Issue
Is income derived by the taxpayer, a resident of Australia, for consulting in Australia on behalf of German firms, assessable under subsection 6-5(2) of the Income Tax Assessment Act 1997 (ITAA 1997)?
Decision
Yes. The income derived by the taxpayer from consulting on behalf of German firms in Australia is assessable under subsection 6-5(2) of the ITAA 1997.
Facts
The taxpayer intends to earn income from working as an independent consultant. The taxpayer has been approached by a German based company to represent their interests in Australia for a short period of time.
The taxpayer will be acting on behalf of the German based company in lobbying Australian companies and the Australian Government.
The taxpayer will undertake the independent consultancy work from home. The taxpayer will not have an office in Germany.
Remuneration will be paid by the German based company directly into the taxpayer's German bank account.
The taxpayer will only be paid for the services provided, and will not be paid if the contract is terminated.
Reasons for Decision
Subsection 6-5 (2) of the ITAA 1997 provides that the assessable income of an Australian resident will include ordinary income derived from all sources, whether in or out of Australia, during the income year.
Salary and wages are ordinary income for the purposes of subsection 6-5(2) of the ITAA 1997.
However, when income is derived from a foreign source, it is necessary to consider not only the income tax laws but also any applicable double tax agreement contained in the International Tax Agreements Act 1953 (the Agreements Act).
Section 4 of the Agreements Act incorporates that Act with the Income Tax Assessment Act 1936 (ITAA 1936) and ITAA 1997 so that those Acts are read as one. The Agreements Act effectively overrides the ITAA 1936 and the ITAA 1997 where there are inconsistent provisions (except in some limited situations).
Schedule 9 to the Agreements Act contains the double tax agreement between Australia and Germany (the German Agreement). The German Agreement operates to avoid the double taxation of income received by Australian and German residents.
Article 13 of the German Agreement provides that income derived by an individual who is a resident of Australia in respect of professional services, or other independent activities of a similar character, shall be taxable only in Australia unless the taxpayer has a fixed base regularly available to them in Germany for the purpose of performing their activities. If the taxpayer has such a fixed base, the income may be taxed in Germany but only so much of it as is attributable to that fixed base.
In Thiel v. Federal Commissioner of Taxation (1990) 171 CLR 338; 21 ATR 531; 90 ATC 4717 (Thiel), the High Court accepted that the OECD Model Tax Convention on Income and on Capital (the OECD Model) may be relevant to the interpretation of Double Tax Agreements based on the OECD Model. The High Court approved recourse to the OECD Model under Article 32 of the Vienna Convention (see paragraph 102 of Taxation Ruling TR 2001/13).

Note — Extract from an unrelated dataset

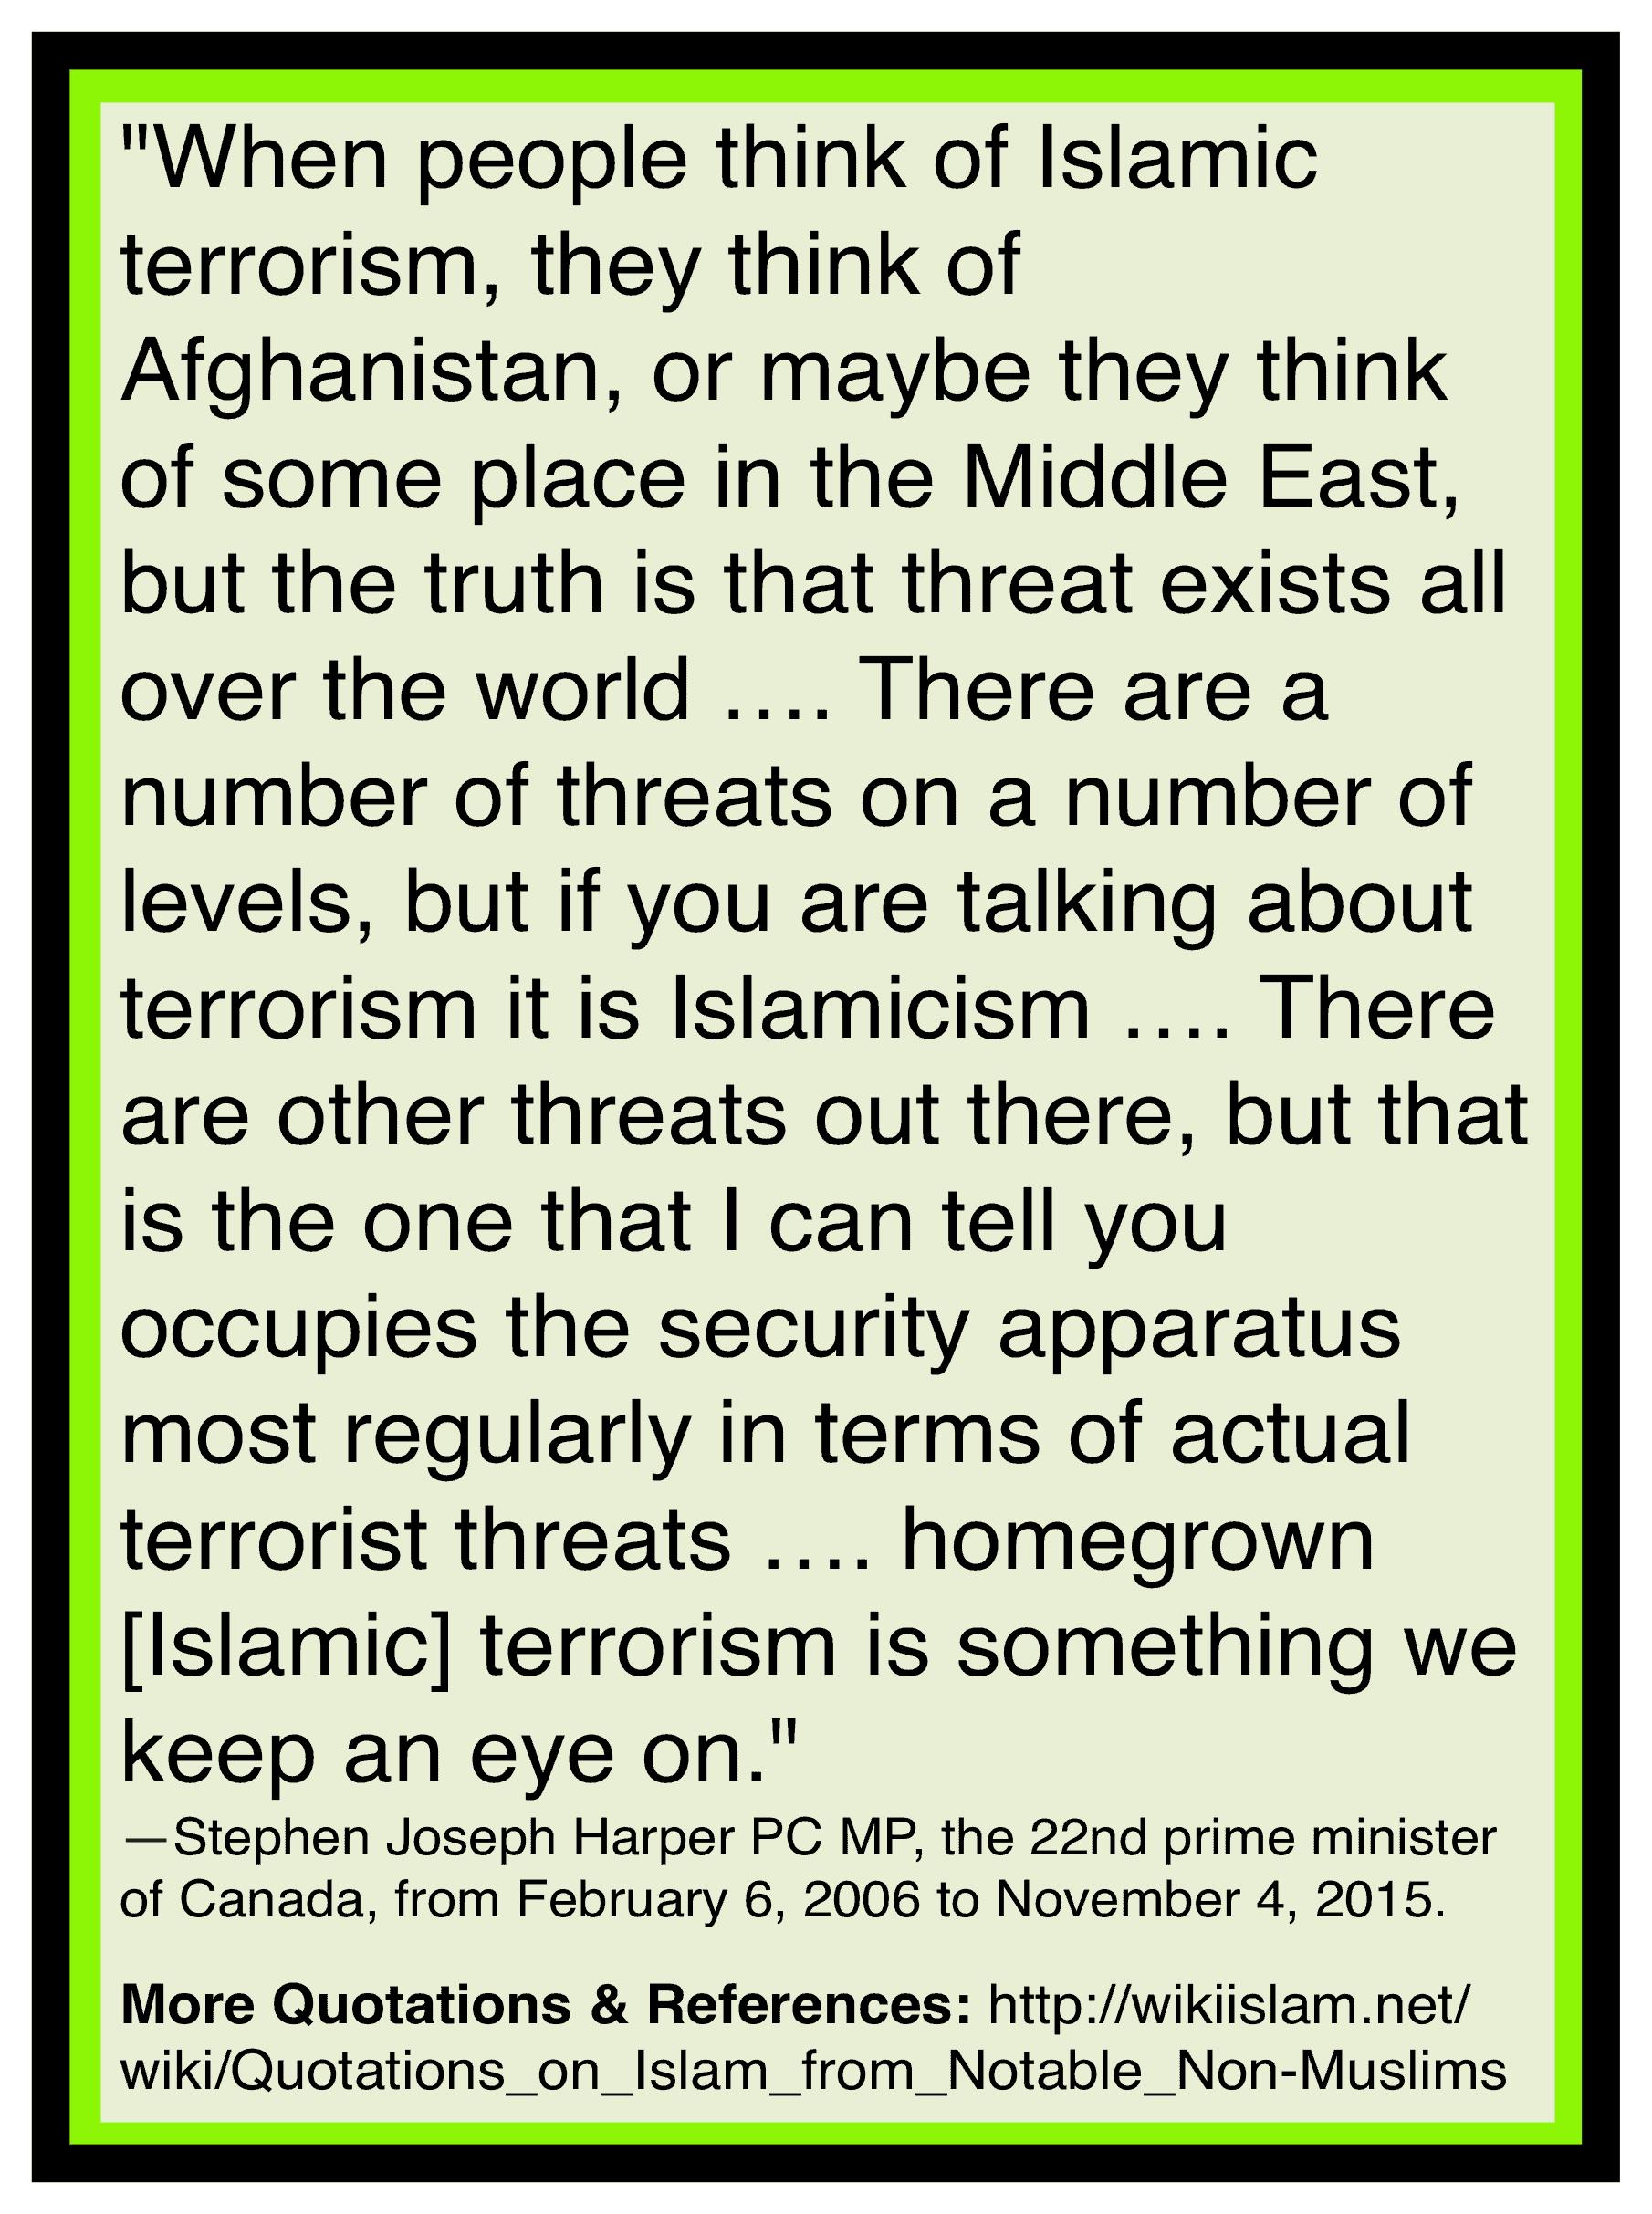 Islam is terrorism

Article 13 of the German Agreement is the same in substance as the former Article 14 of the OECD Model.
Paragraph 2 of 'Commentary on Article 14' in the OECD Model defines the concept of professional services to include professional activities of an 'independent' nature. Thus the provision of consulting services by the taxpayer is considered independent personal services for the purposes of article 13 of the German Agreement.
Paragraph 4 of 'Commentary on Article 14' in the OECD Model suggests that a fixed base is a centre of activity of a fixed or a permanent nature, and would include a physician's consulting room or the office of an architecture or lawyer. The taxpayer will not have an office or any other business premises in Germany.
The taxpayer will derive income from his consultancy. As the taxpayer is a resident of Australia for tax purposes, and does not have a fixed base (such as an office) in Germany, Article 13 of the German Agreement provides that this income will be assessable in Australia, and as a consequence, the consultancy income will not be taxed in Germany.
Therefore, the income the taxpayer receives from consulting in Australia will be assessable under subsection 6-5(2) of the ITAA 1997, as the German Agreement provides that Australia has the right to tax that income.